Groups of genes that display correlations in different networks have a high probability of being functionally correlated and therefore represent functional modules. In order to derive the Genset collection, different classes of experimental (BIND, http://bind.ca; MIPS Mammalian protein interaction database, Pagel et al., 2005) and predicted (DIMA, Pagel et al., 2004) data sets on interactions and co-expression networks networks (SymAtlas) were integrated for both human and mouse cellular networks. Probabilistic networks were calculated by comparing the networks with functional annotation schemes and pathway repositories, such as FunCat, KEGG and GO. For example, Rhodes et al. recently performed a probabilistic analysis to derive a catalogue of all human protein-protein interactions integrating interaction and co-expression data of orthologous genes from model organisms such as fly, worm and yeast.

However, a systematic determination or analysis of functional modules, their dependencies and their correlation with expression profiles in man or mouse has not yet been performed. Integrating interaction data from different experimental sources, as well as transferring related data from other model organisms is necessary to derive a comprehensive catalogue of functional associations between any group of genes. Other information such as the presence of common promoter binding sites in upstream regions (e.g. from the CORG database) and literature co-citation networks will be integrated.

Fig 2: A cellular network can be explored at different levels of resolution. At the lowest resolution, the whole protein interaction network comprises all the interconnected processes that allow the cell to carry out the cellular cycle. At a medium resolution level, a functional module performs a defined biological process. At the highest resolution level, a single protein is responsible for a specific molecular function within one or more modules.
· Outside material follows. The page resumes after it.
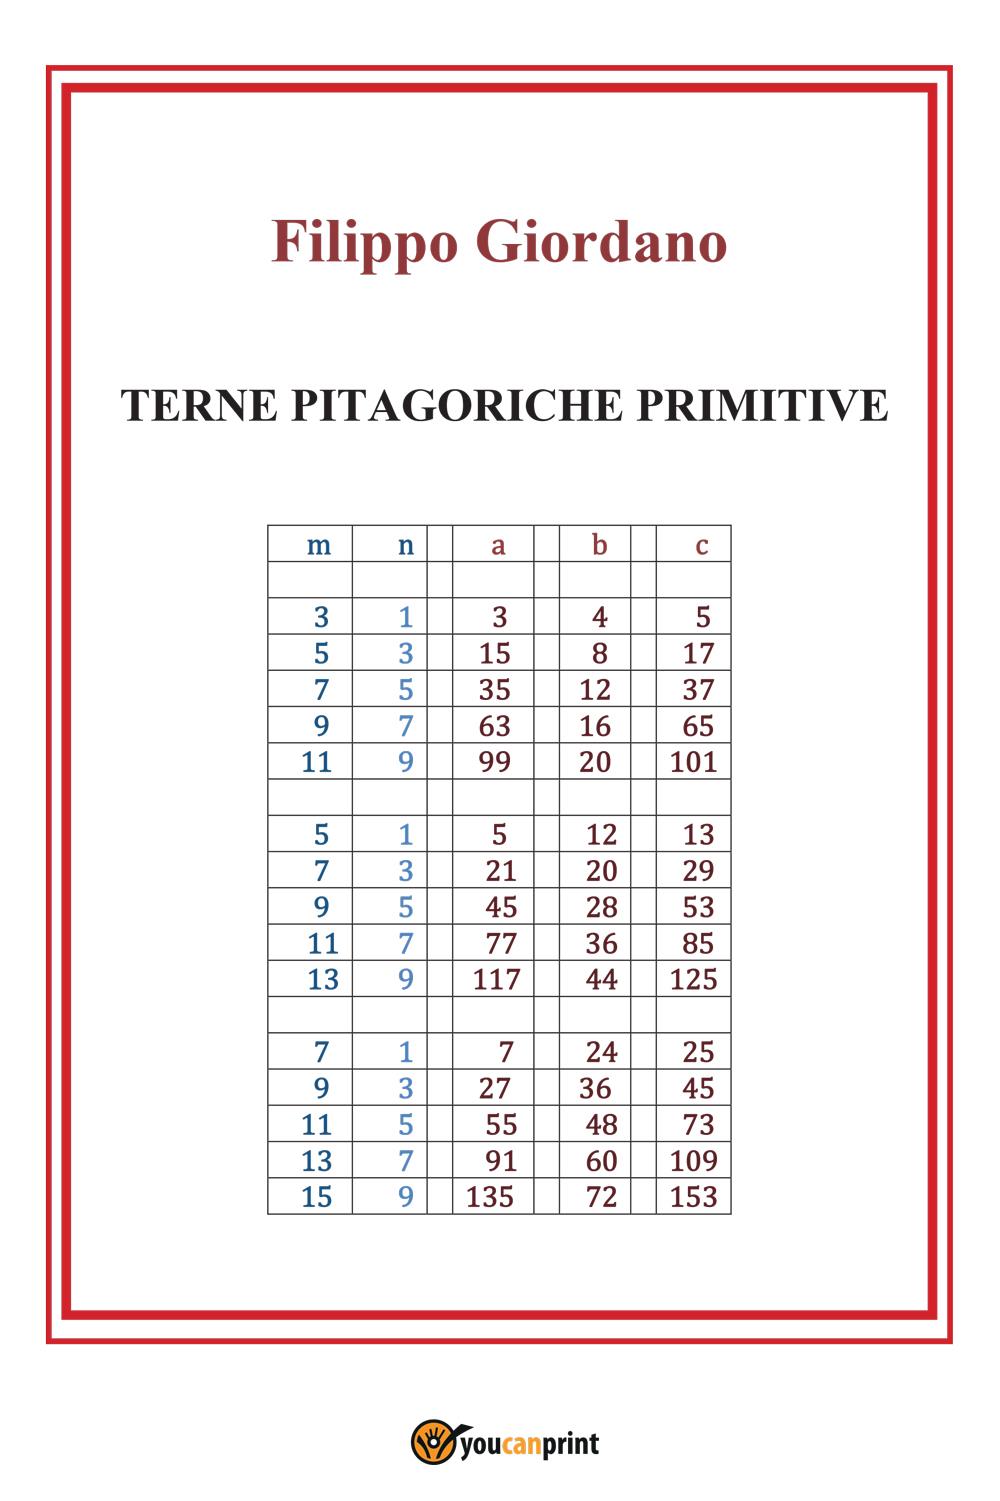 Terne Pitagoriche primitive

GenSets will be released in the GenRE annotation management system developed at MIPS (V. Stuempflen). that integrates interaction information for different model organisms. These data will be accessed by EJB’s including tested clustering routines with appropriate parameters.

Optimiziation of parameters
To assess the probability of functional association and the contribution from different sources of interaction information for any groups of genes, we apply heterogeneous hidden markov models. Functional modules are derived by advanced clustering methods, such as SPC-Clustering (Tornow and Mewes, 2003).

Outlook
The focus of the project will be to interact with experimentalists for confirming computationally derived functional modules, for relating them to disease phenotypes and for testing hypothetical functional assignments based on our GeneSet approach. Within the SMP model organisms, the functional analysis of mouse mutants (M. Hrabe de Angelis) or, in particular, the analysis of gene networks involved in adipositas (G. Brockmann) offer a sensible approach for the confirmation of hypotheses derived from data analysis.
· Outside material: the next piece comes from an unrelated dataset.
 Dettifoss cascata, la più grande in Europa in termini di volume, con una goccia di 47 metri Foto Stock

Lit.: 1. Dietmann S. et al. Resources and tools for investigating biomolecular networks in mammals. Curr Pharm Des. 2005  (in press) 2. Pagel P. et al. The MIPS mammalian protein-protein interaction database Bioinformatics. 2005 Mar;21(6):832-4. 3. Pagel P. et al. A domain interaction map based on phylogenetic profiling. J Mol Biol. 2004 Dec 10;344(5):1331-46. 4. Ruepp A. et al. The FunCat, a functional annotation scheme for systematic classification of proteins from whole genomes. Nucleic Acids Res 32(18):5539-45, 2004. 5. Rhodes DR. et al. Probabilistic model of the human protein-protein interaction network. Nat Biotechnol 2005; 23(8):951-959. 6. Townow S. and Mewes HW. Functional modules by relating protein interaction networks and gene expression. Nucleic Acids Res. 2003 Nov 1;31(21):6283-9.